# Parameter inference¶

This example illustrates parameter inference for a single model. (Check also the model selection example if you’re interested in comparing multiple models.)

This notebook can be downloaded here:
`Parameter Inference`

.

We’re going to use the following classes from the pyABC package:

`ABCSMC`

, our entry point to parameter inference,`RV`

, to define the prior over a single parameter,`Distribution`

, to define the prior over a possibly higher dimensional parameter space,`MultivariateNormalTransition`

, to do a kernel density estimate (KDE) for visualization purposes.

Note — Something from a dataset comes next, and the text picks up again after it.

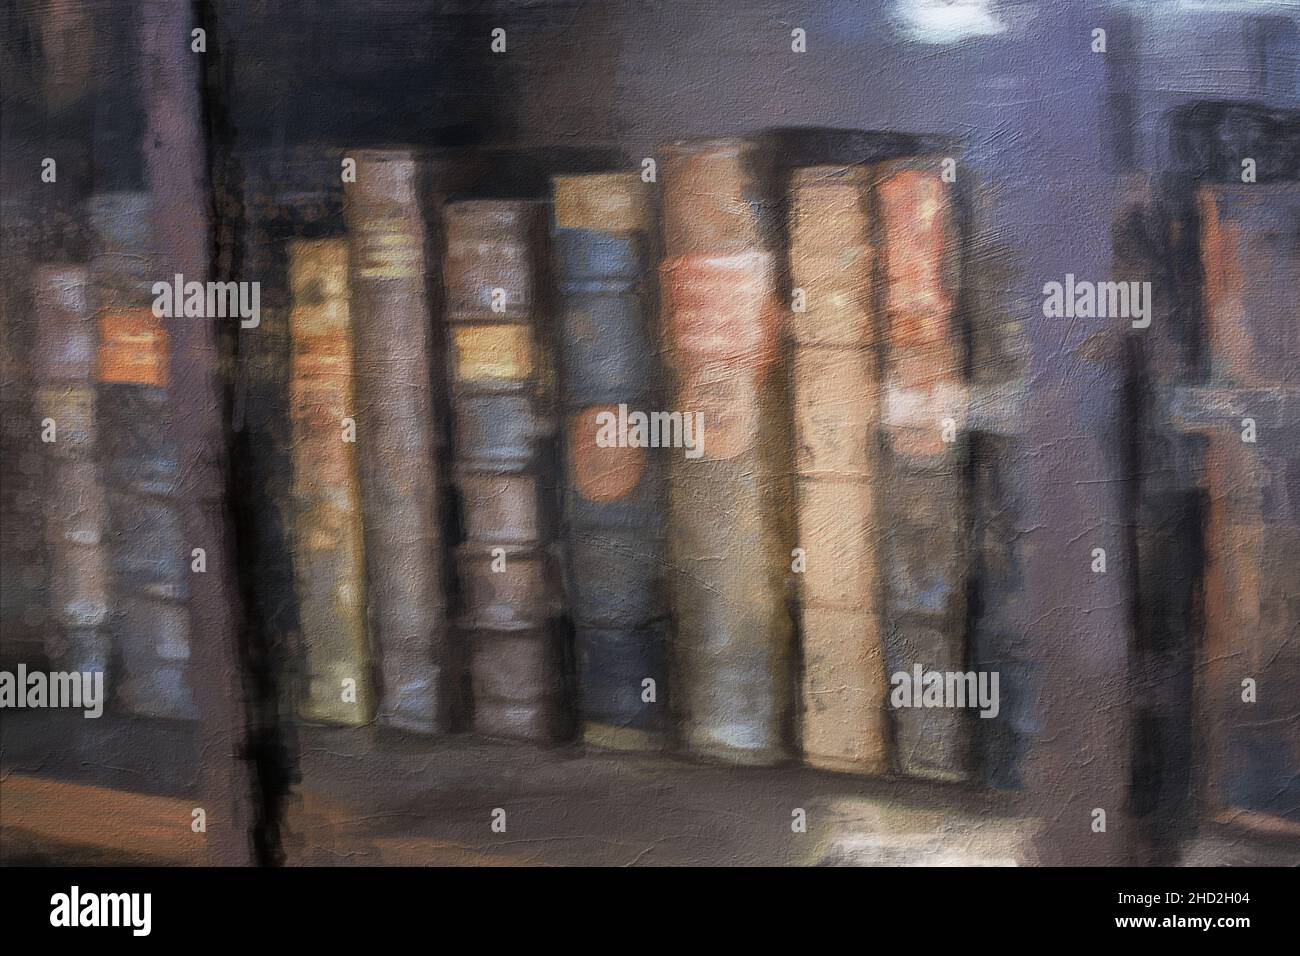 Oil painting shelf with old books Stock Photo

Let’s start to import the necessary classes. We also set up matplotlib and we’re going to use pandas as well.

```
In [1]:
```

```
from pyabc import (ABCSMC, Distribution, RV,
MultivariateNormalTransition)
import scipy as sp
import scipy.stats as st
import tempfile
import os
import pandas as pd
import matplotlib.pyplot as plt
%matplotlib inline
```

Our model is about as simple as it gets. We assume a Gaussian model \(\mathcal{N}(\mathrm{mean}, 1)\) with the single parameter `mean`

.
The variance is 1.
In this case, the parameter dictionary that is passed to the model has only the single key `mean`

.
We name the sampled data just `data`

. It might seem like overcomplicating things to return a whole dictionary, but as soon as we return heterogeneous data this starts to make a lot of sense.

```
In [2]:
```

```
def model(parameter):
return {"data": parameter["mean"] + sp.randn()}
```

We then define the prior over the `mean`

to be uniform over the interval \([0, 5]\).

```
In [3]:
```

```
prior = Distribution(mean=RV("uniform", 0, 5))
```

(Actually, this has to be read as [0, 0+5]. For example, `RV("uniform", 1, 5)`

is uniform over the interval
[1,6]. Check the scipy.stats package for details of the definition.)
We also need to express when we consider data to be close in form of a distance funtion.
We just take the absolute value of the difference here.

```
In [4]:
```

```
def distance(x, y):
return abs(x["data"] - y["data"])
```

Now we create the ABCSMC object, passing the model, the prior and the distance to it.

```
In [5]:
```

```
abc = ABCSMC(model, prior, distance)
```

To get going, we have to specify where to log the ABC-SMC runs. We can later query the database with the help of the
`History`

class.
Usually you would now have some measure data which you want to know the posterior of.
Here, we just assume, that the measured data was 2.5.

```
In [6]:
```

```
db_path = ("sqlite:///" +
os.path.join(tempfile.gettempdir(), "test.db"))
observation = 2.5
abc.new(db_path, {"data": observation})
```

```
INFO:Epsilon:initial epsilon is 1.2393604085164727
INFO:History:Start <ABCSMC(id=5, start_time=2018-04-11 08:15:04.293824, end_time=None)>
```

```
Out[6]:
```

```
5
```

The `new`

method returned an integer. This is the id of the ABC-SMC run.
This id is only important if more than one ABC-SMC run is stored in the same database.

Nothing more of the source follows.